In the Moore case, United Data Connect sent the DNA to a lab, which developed a single nucleotide polymorphisms, or SNPs, profile. A SNP, referred to as a "snip," is the type of DNA profile used in genetic testing and on programs such as Ancestry.com and 23 And Me.

Those two sites don't allow law enforcement to access their databases. Ancestry services Family Tree DNA and GED Match do. When the investigators received the DNA "snip" profile, United Data Connect uploaded it to Family Tree DNA.

The database returned a group of possible relatives, meaning someone related to the killer – somewhere down the line – had uploaded their DNA to the database. United Data Connect began piecing together a family tree connected to the DNA and identified Donald Perea, who died in 2012, as the killer.

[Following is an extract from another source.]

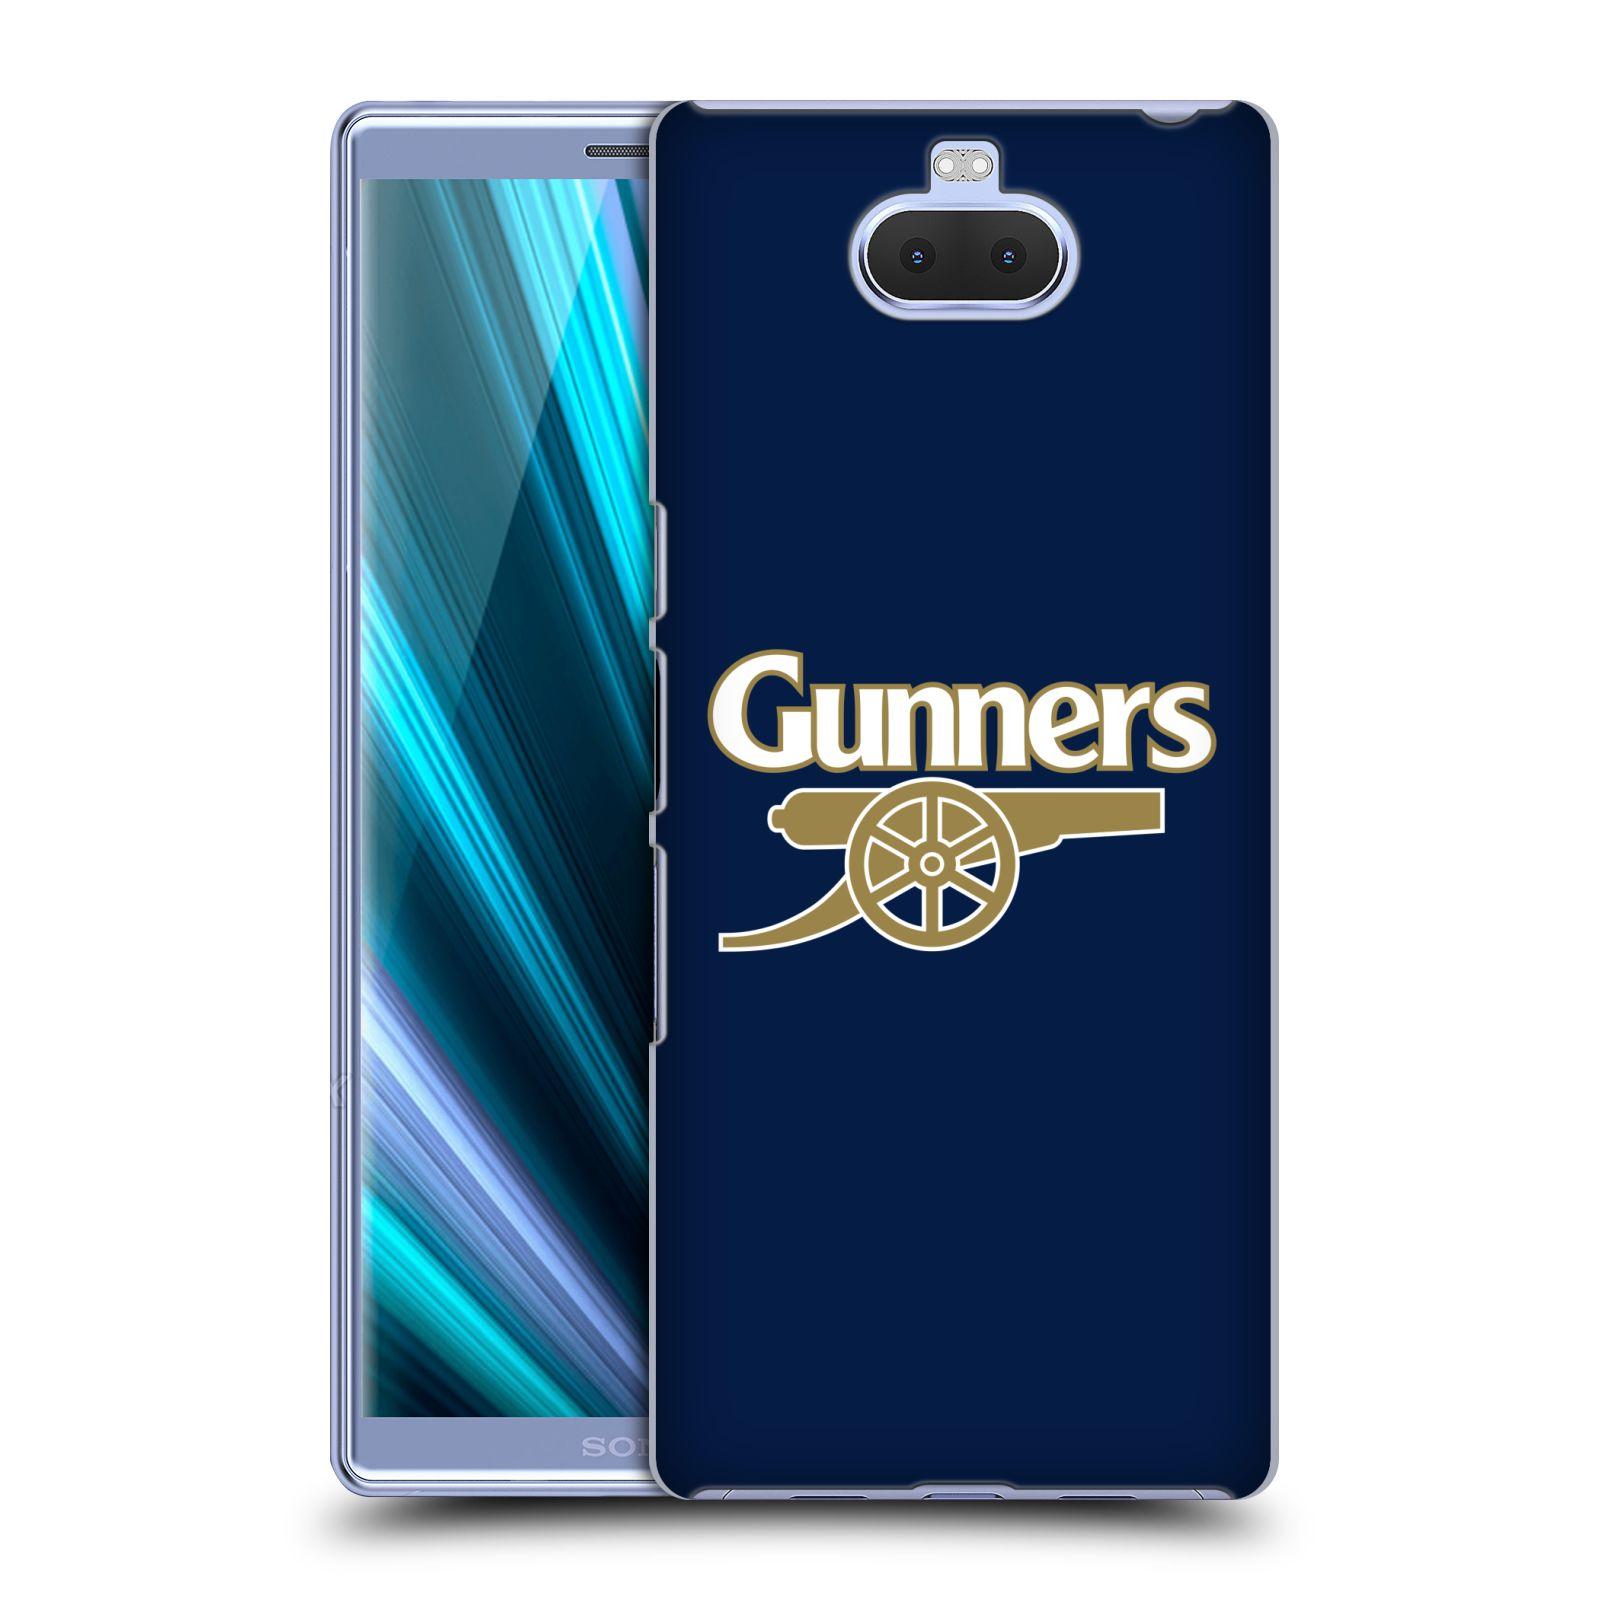 Plastové pouzdro na mobil Sony Xperia 10 - Head Case - Arsenal FC - Gunners
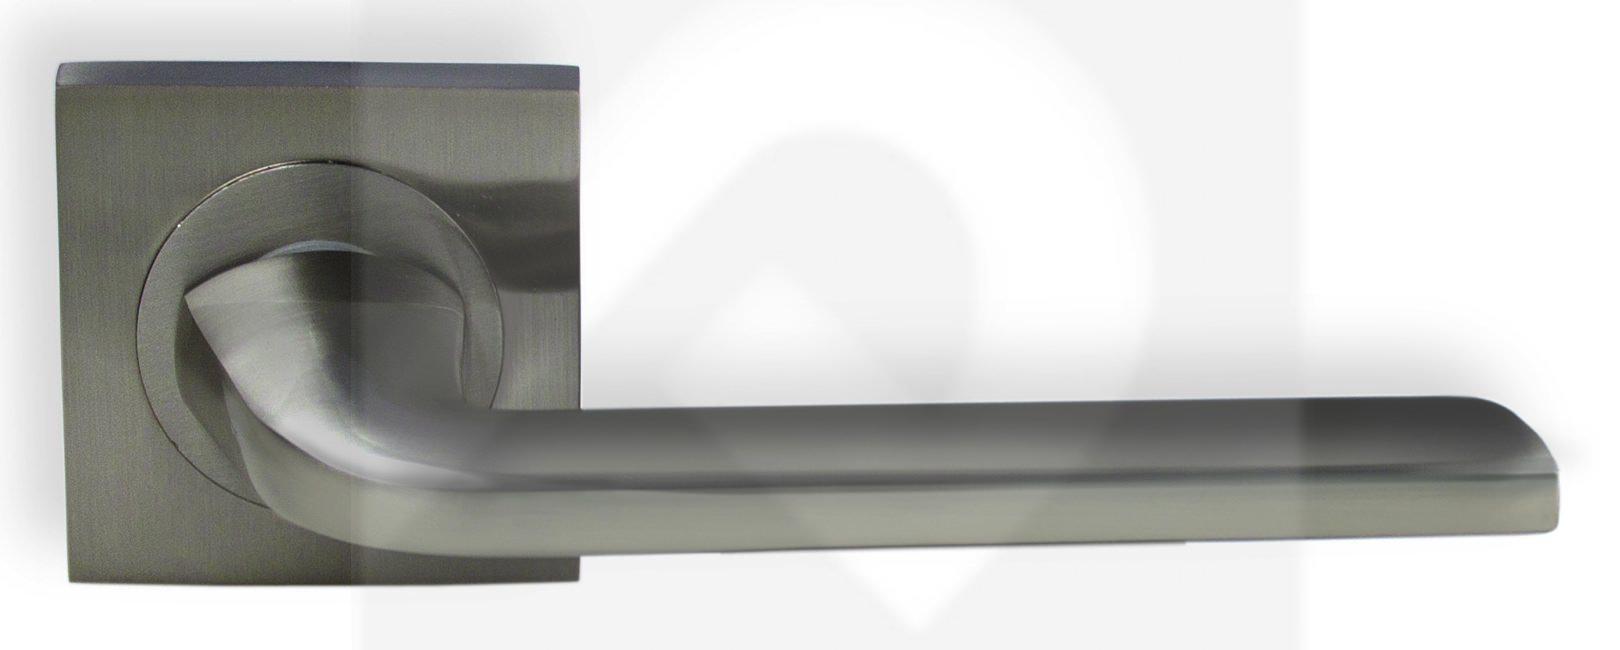 Juego de manillas cuadrada aluminio niquel mate 216 manistil - Manillas puertas aluminio ...

"What the database is telling you is these are the people that share the most in common with the person who left the crime scene sample," Morrissey said in September. "You're comparing it to other people in the database, for common segments of the sequence."

The first heavily publicized case involving genetic genealogy testing was the arrest of Joseph James DeAngelo, the alleged Golden State Killer, who authorities say is believed to be linked to more than a dozen killings and at least 50 rapes in California dating back to the 1970s.

In June, Colorado Springs police announced an arrest in the 1987 killing of Darlene Krashoc, a Fort Carson soldier. Detectives had investigated Krashoc's killing for years, conducting hundreds of interviews and even creating a composite image of a suspect through a DNA phenotype.

When the detectives submitted the DNA for genetic genealogy testing this year, police said the results pointed to Michael Whyte, a 58-year-old man living in Thornton. Whyte was arrested on a murder charge and his case is pending.